= Affect theory =

Theory that seeks to organize subjective feelings into discrete categories

Affect theory may refer to theories from philosophy, psychology, or the humanities. Definitions and applications vary across psychology, psychoanalysis, neuroscience, medicine, interpersonal communication, literary theory, critical theory, media studies, and gender studies, among other fields.

In psychology, affect is a theory that seeks to organize affects, sometimes used interchangeably with emotions or subjectively experienced feelings, into discrete categories and to typify their physiological, social, interpersonal, and internalized manifestations.
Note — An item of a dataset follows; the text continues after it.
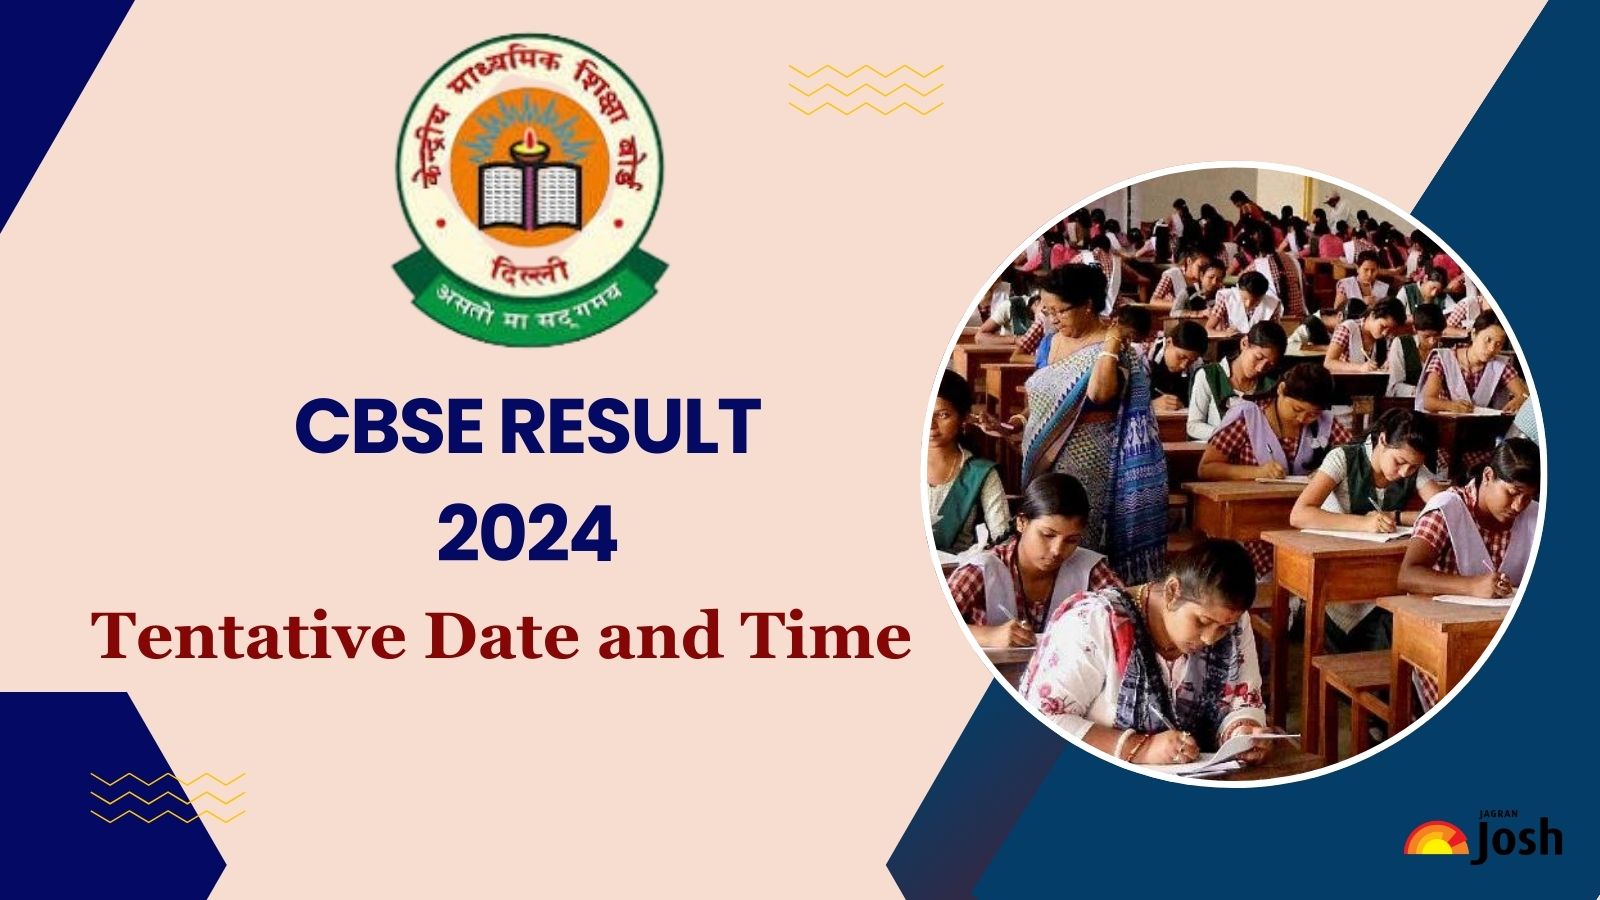 [Breaking News] CBSE Board Result 2024 Officially Announced, 10th 12th Results Likely to be Declared after 20 May
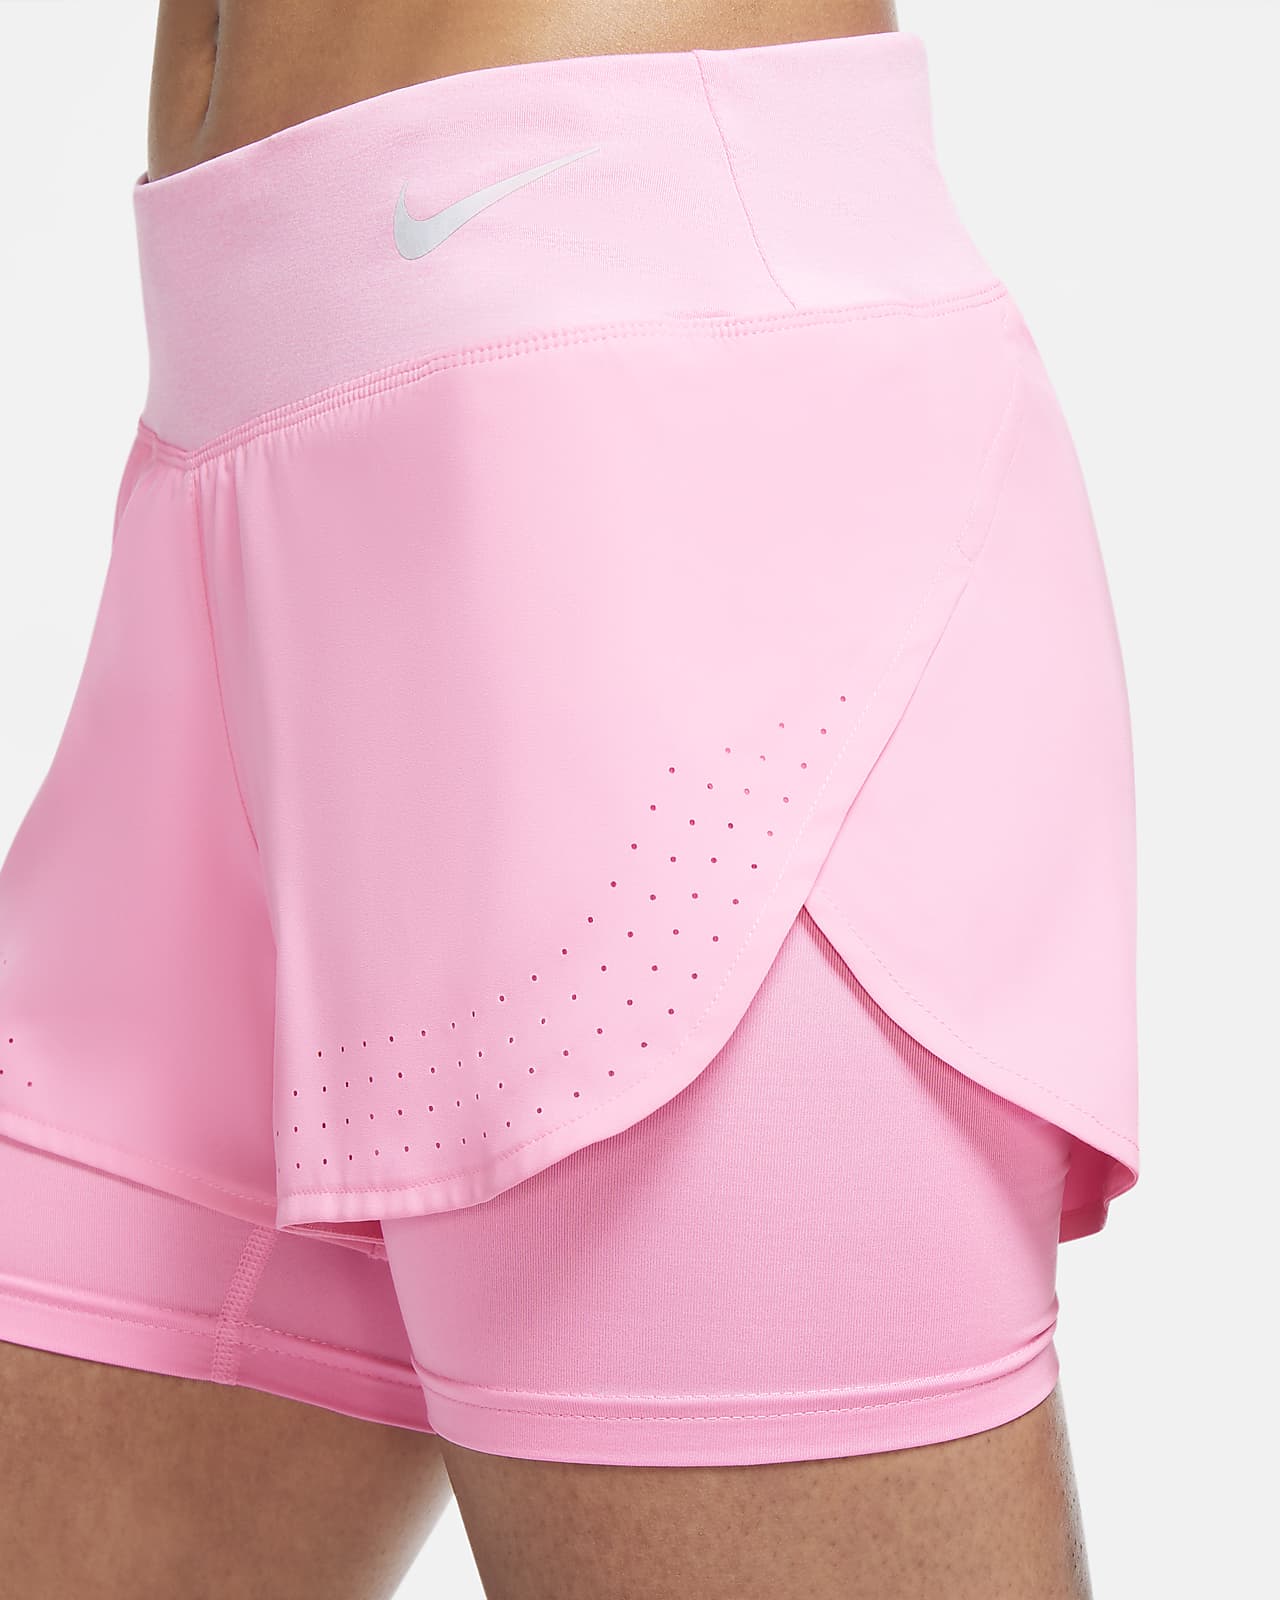 nike eclipse 2 in 1 running shorts

Psychological affect theory is usually attributed to the psychologist Silvan Tomkins, introduced in the first two volumes of his book Affect Imagery Consciousness (1962). Tomkins uses the concept of affect to refer to the "biological portion of emotion," defined as the "hard-wired, preprogrammed, genetically transmitted mechanisms that exist in each of us," which, when triggered, precipitate a "known pattern of biological events". However, it is also acknowledged that, in adults, the affective experience is a result of interactions between the innate mechanism and a "complex matrix of nested and interacting ideo-affective formations."

==Affect theory in psychology==
=== Silvan Tomkins's nine affects ===

According to the psychologist Silvan Tomkins, there are nine primary affects. Tomkins characterized affects by low/high intensity labels and by their physiological expression:

Positive:
- Enjoyment/Joy (reaction to success/impulse to share) – smiling, lips wide and out
- Interest/Excitement (reaction to new situation/impulse to attend) – eyebrows down, eyes tracking, eyes looking, closer listening

Neutral:
- Surprise/Startle (reaction to sudden change/resets impulses) – eyebrows up, eyes blinking

Negative:
- Anger/Rage (reaction to threat/impulse to attack) – frowning, a clenched jaw, a red face
- Disgust (reaction to bad taste/impulse to discard) – the lower lip raised and protruded, head forward and down
- Dissmell (reaction to bad smell/impulse to avoid – similar to distaste) – upper lip raised, head pulled back
- Distress/Anguish (reaction to loss/impulse to mourn) – crying, rhythmic sobbing, arched eyebrows, mouth lowered
- Fear/Terror (reaction to danger/impulse to run or hide) – a frozen stare, a pale face, coldness, sweat, erect hair
- Shame/Humiliation (reaction to failure/impulse to review behaviour) – eyes lowered, the head down and averted, blushing

===Prescriptive applications===
According to Tomkins, optimal mental health involves maximizing positive affects and minimizing negative affects. Affect should also be properly expressed so to make the identification of affect possible to others.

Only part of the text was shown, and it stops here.